1. A method for managing a shutdown of a boiler comprising: providing a duct, providing at least a heat exchanging component; wherein the at least a heat exchanging component includes: tubed heat exchanging surfaces within the duct, headers outside the duct, the headers being connected to the tubed heat exchanging surfaces, the headers and the tubed heat exchanging surfaces containing steam; regulating the temperature of the headers during shut down to a target temperature that is a function of the expected temperature for the steam moving from the tubed heat exchanging surfaces into the headers at a starting up following the shutdown; and wherein regulating the temperature of the headers includes maintaining a steam flow through the headers after shutdown of the firing system by maintaining a steam circulation from the tubed heat exchange surfaces connected to the respective headers and through said headers.

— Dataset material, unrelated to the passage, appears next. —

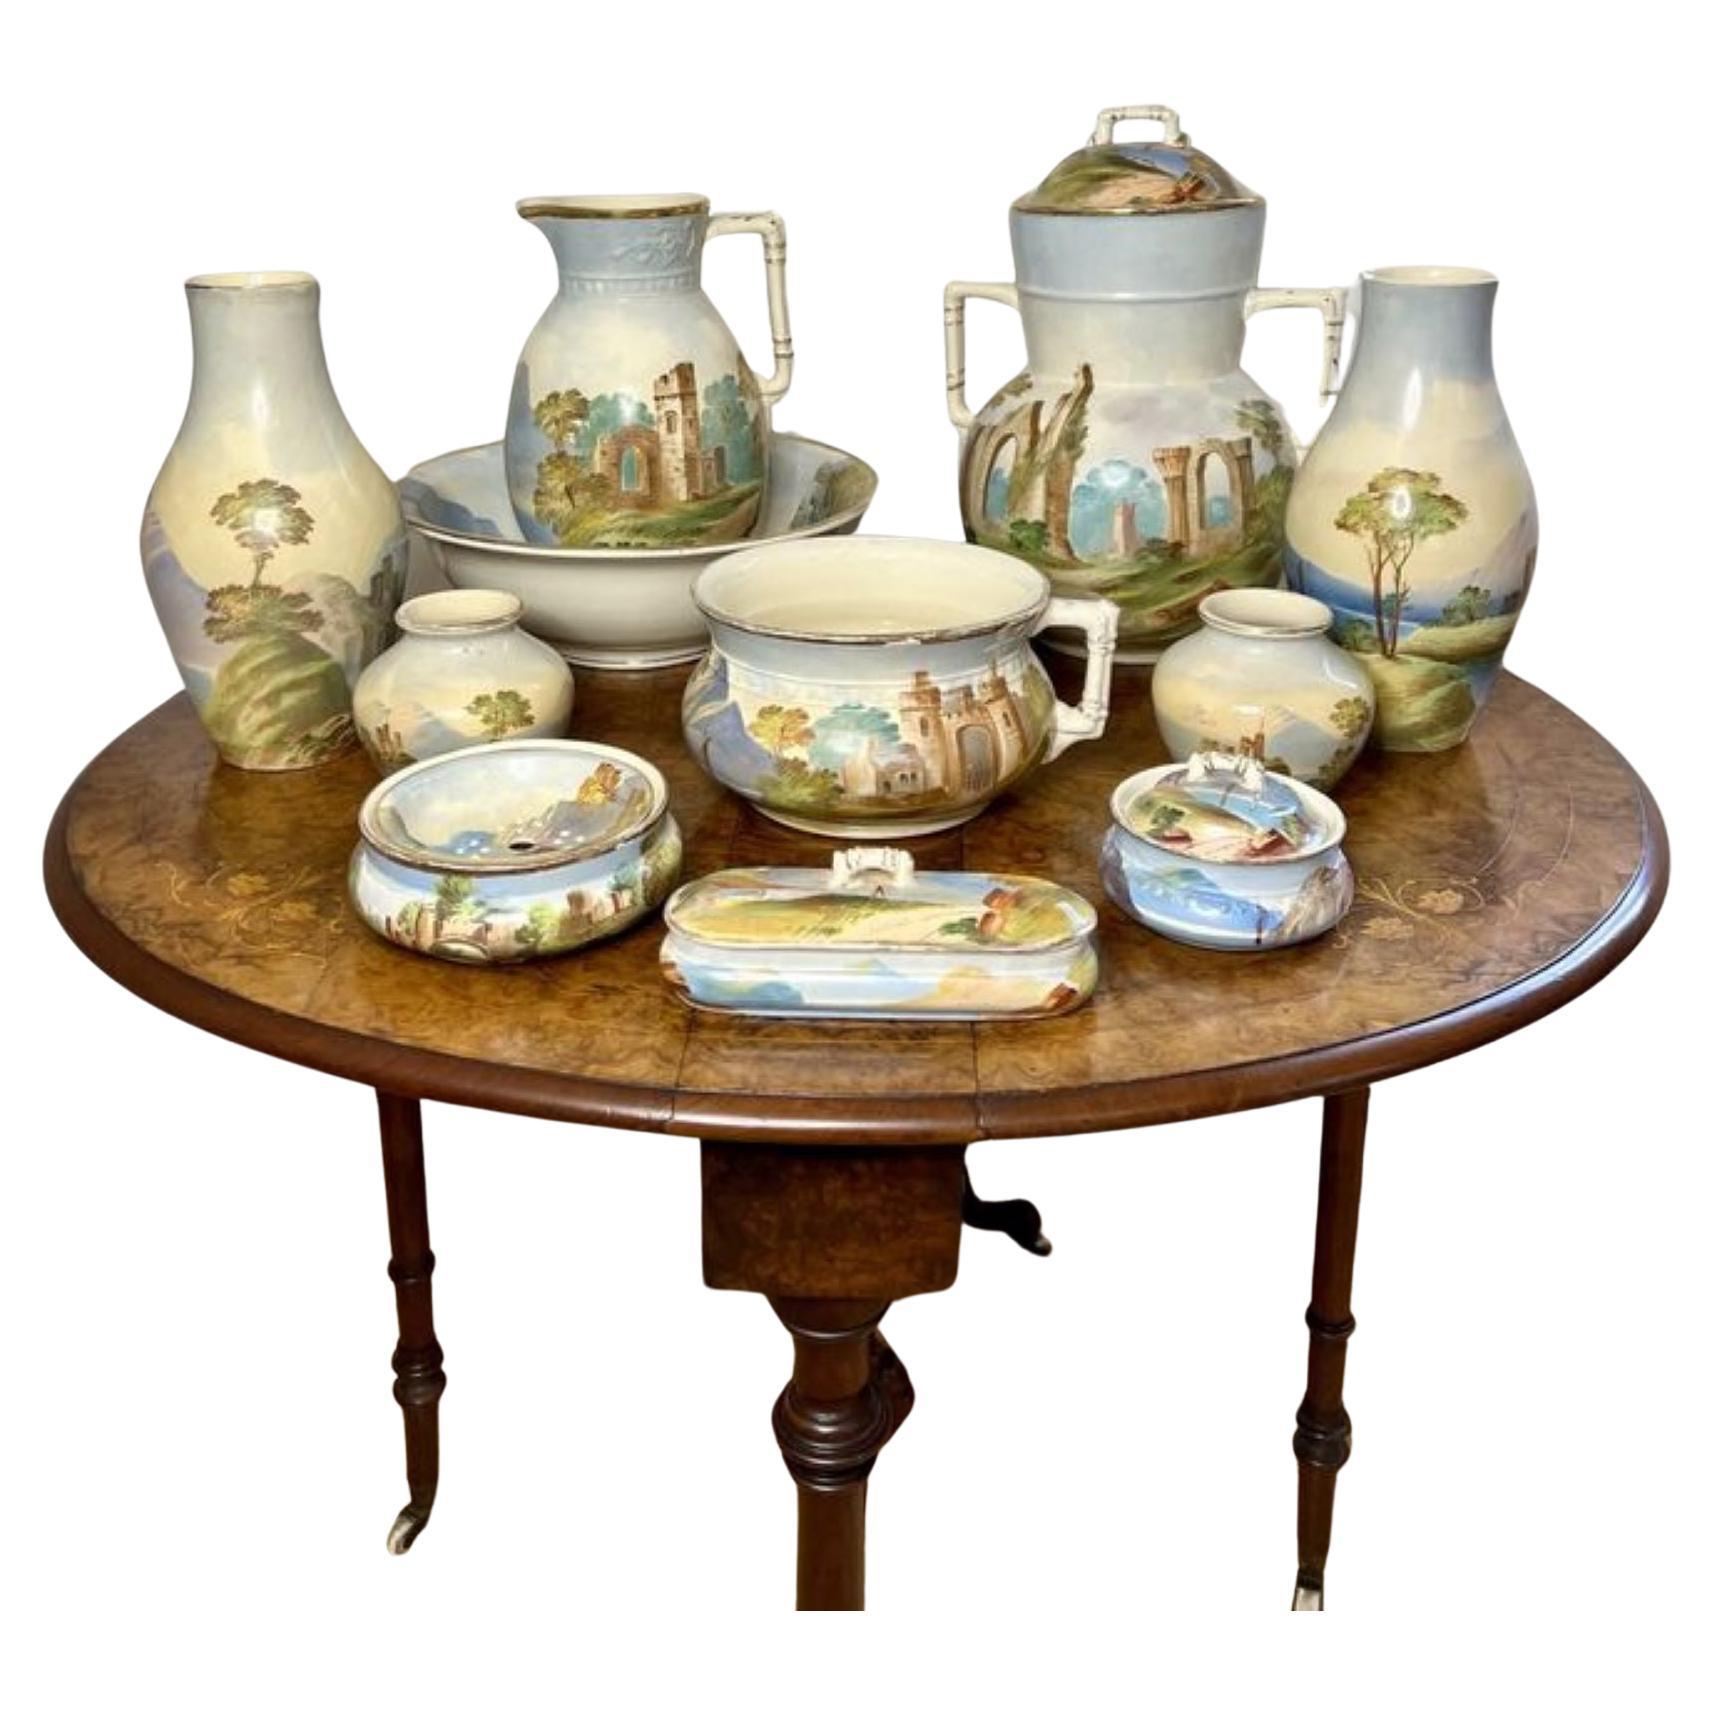 Outstanding quality antique Edwardian wash set  For Sale

2. The method according to claim 1 further comprising: providing a high pressure bypass control valve downstream of the at least a heat exchanging component, configured such that maintaining a flow through the headers includes maintaining a steam flow through the high pressure bypass control valve.

3. The method according to claim 2 further comprising: wherein the heat exchanging component is a superheater and the high pressure bypass control valve is downstream of the superheater.

4. The method according to claim 1 further comprising: maintaining a gas flow within the duct during shutdown.

5. The method of claim 4 further comprising: wherein the boiler includes a fan for gas circulation through the duct, configured such that maintaining a gas flow includes operating the fan.

6. The method of claim 5 further comprising: wherein operating the fan includes operating the fan at minimum load.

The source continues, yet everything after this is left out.